The second period, shaded in red in Figure 5, starts from the point at which the higher rate of imitation error turns into a disadvantage compared to the mutation rate of genetic replication. If fixation of imitators has already been achieved during the first period, then the genotype has been disengaged and is no longer subject to selection. In this case, a non-genetic evolutionary system has emerged, and only the phenotype will continue to improve, with imitation error as its source of variation and survival selection pushing it towards the optimum. This non-genetic evolutionary system manifests as a pool of variants maintained by unbiased imitation alone.

An alternative way to understand this mechanism and the importance of the relative difference between imitation error rate and genetic mutation rate is by imagining two hypothetical populations under the same degree of survival selection and in the absence of reproductive selection: one population of unbiased imitators (Pimitate) and one population of instinctive actuators (Pinherit).

When both populations are initialized with random genotypes and phenotypes (i.e., populated on average with 50% 1s and 50% 0s), the accumulation of fit alleles in Pinherit is limited by the mutation rate, while the accumulation of fit alleles in Pimitate is limited by the imitation error rate. If these two rates are equal, while imitators in Pimitate can copy any strategy currently in the population, this does not give them an advantage or disadvantage compared with Pinherit, since the strategies available to be copied in Pimitate are no more diverse than the ones that are available to reproduce in Pinherit.

If the imitation error rate in Pimitate were higher than the genetic mutation rate in Pinherit, then Pimitate would initially have an advantage and would accumulate fit alleles at a higher rate than Pinherit. If, conversely, the mutation rate in Pinherit were higher than the error rate in Pimitate (an unrealistic assumption), then Pinherit would have an advantage and would accumulate fit alleles faster than Pimitate.

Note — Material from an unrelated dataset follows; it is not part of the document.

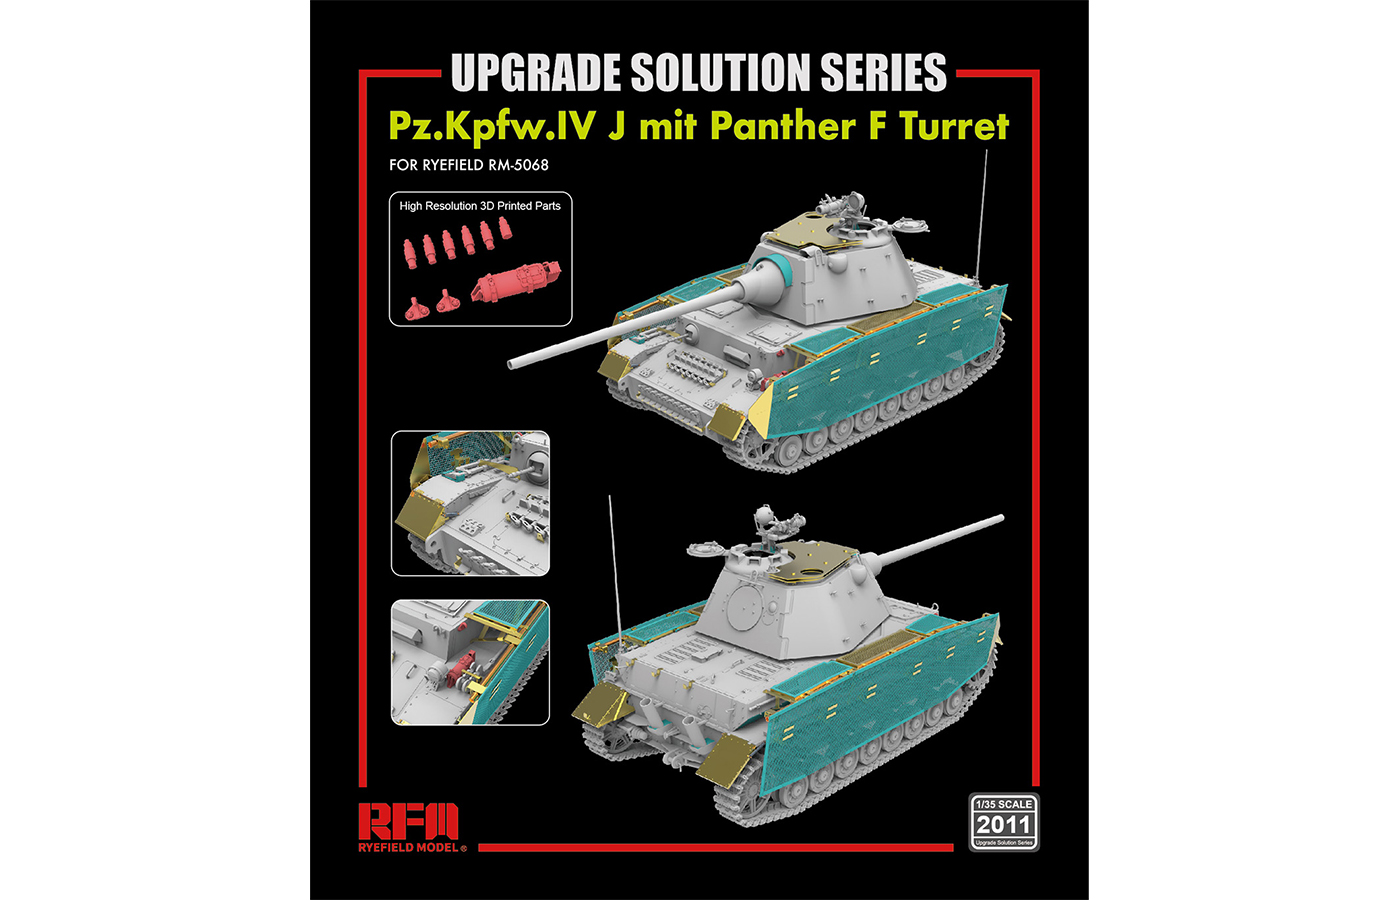 RM-2011  Pz.Kpfw.IV J mit Panther F Turret UPGRADE SOLUTION SERIES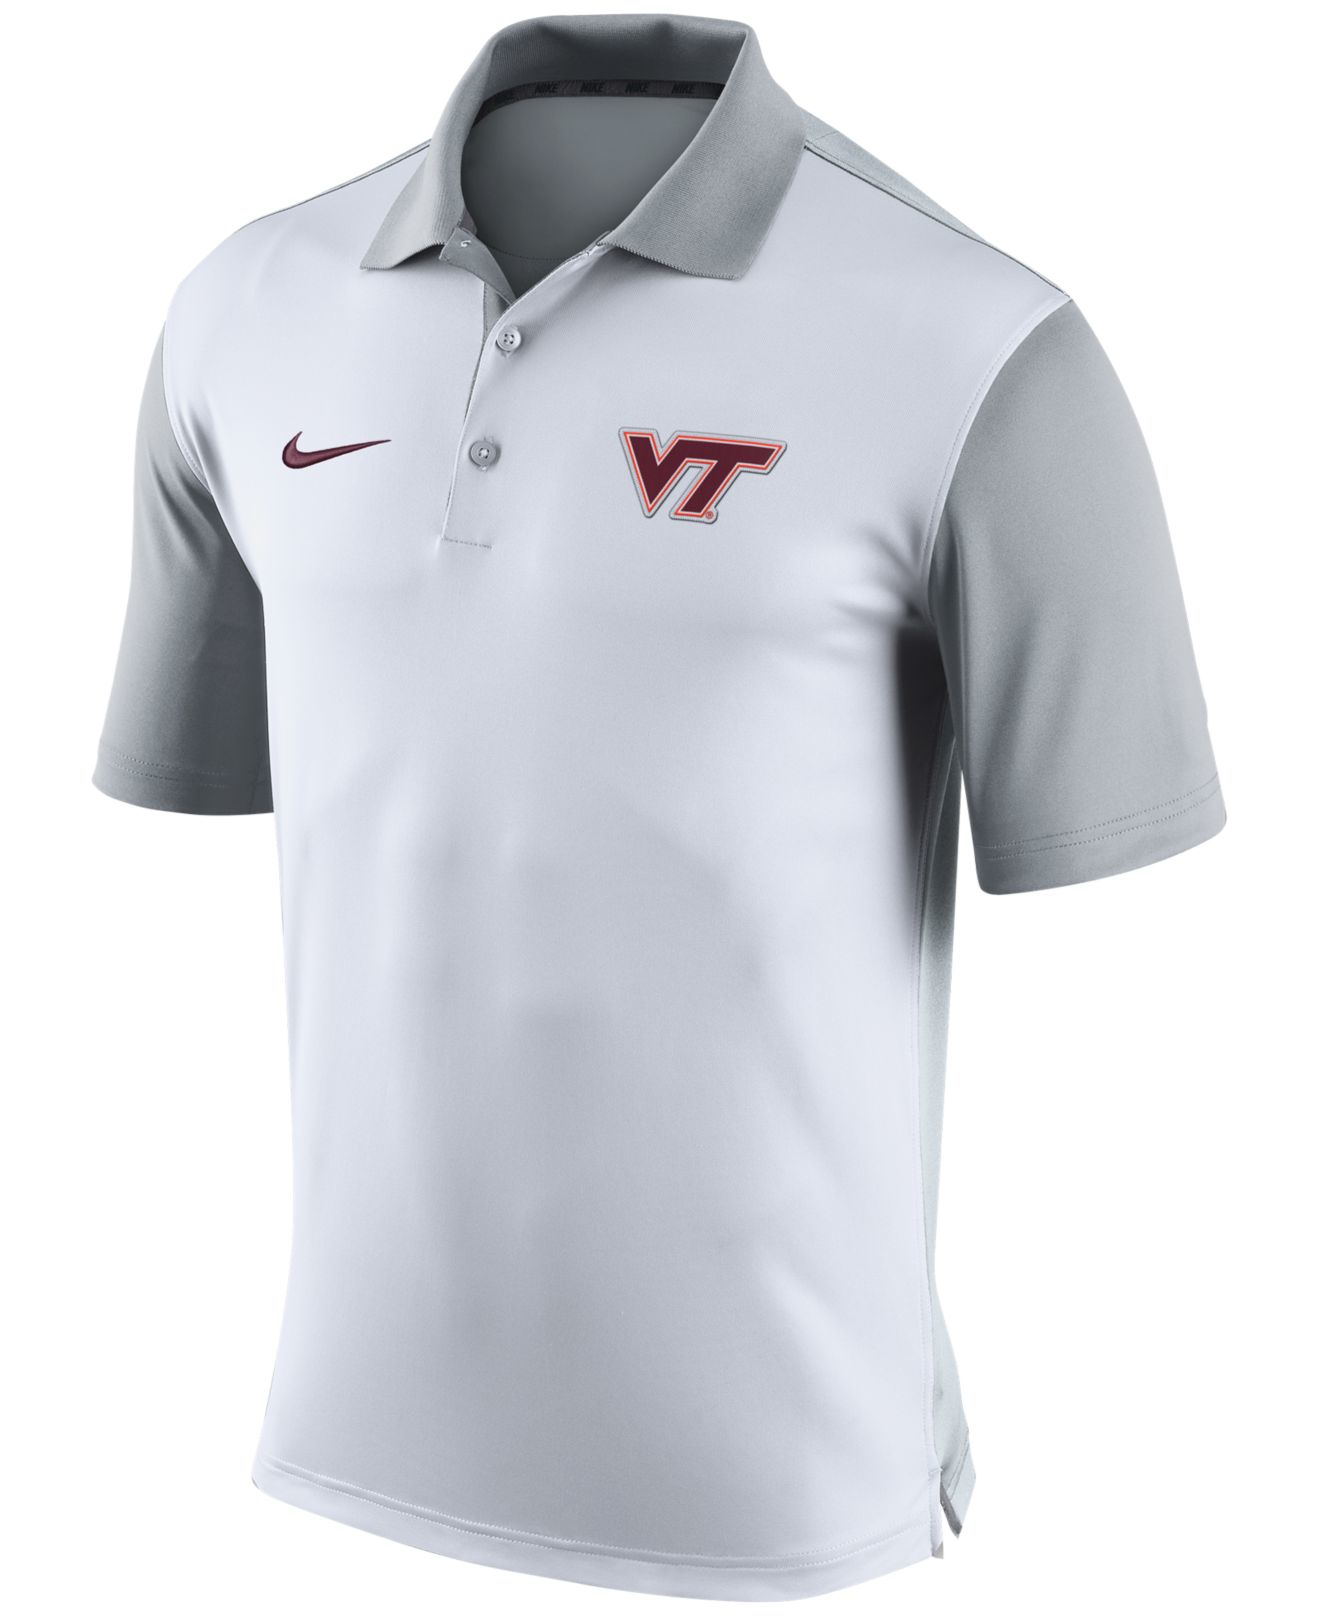 Lyst - Nike Men's Virginia Tech Hokies Preseason Polo in White for Men

However, when Pimitate and Pinherit are both initialized with very fit solutions, the population suffering the higher error rate would be disadvantaged, since errors would tend to degrade the fit solutions more often. At this point, if imitation error rate were lower than the mutation rate, it would always pay Pinherit to swap to the higher-fidelity mechanism. But for Pimitate, even if the mutation rate were much lower than the imitation error rate, it would only benefit them to become instinctive actuators if their genotypes were as fit as their phenotypes. But during the time that Pimitate have been imitators, their genotypes have been under no selection pressure, and will therefore have drifted towards the mean, which means that Pimitate is unlikely to give up imitation even when its high error rate is counterproductive. This asymmetry creates a “ratchet” in the system, which ensures that even when the conditions that allowed social learners to successfully invade instinctive actuators have changed, instinctive actuators cannot recover.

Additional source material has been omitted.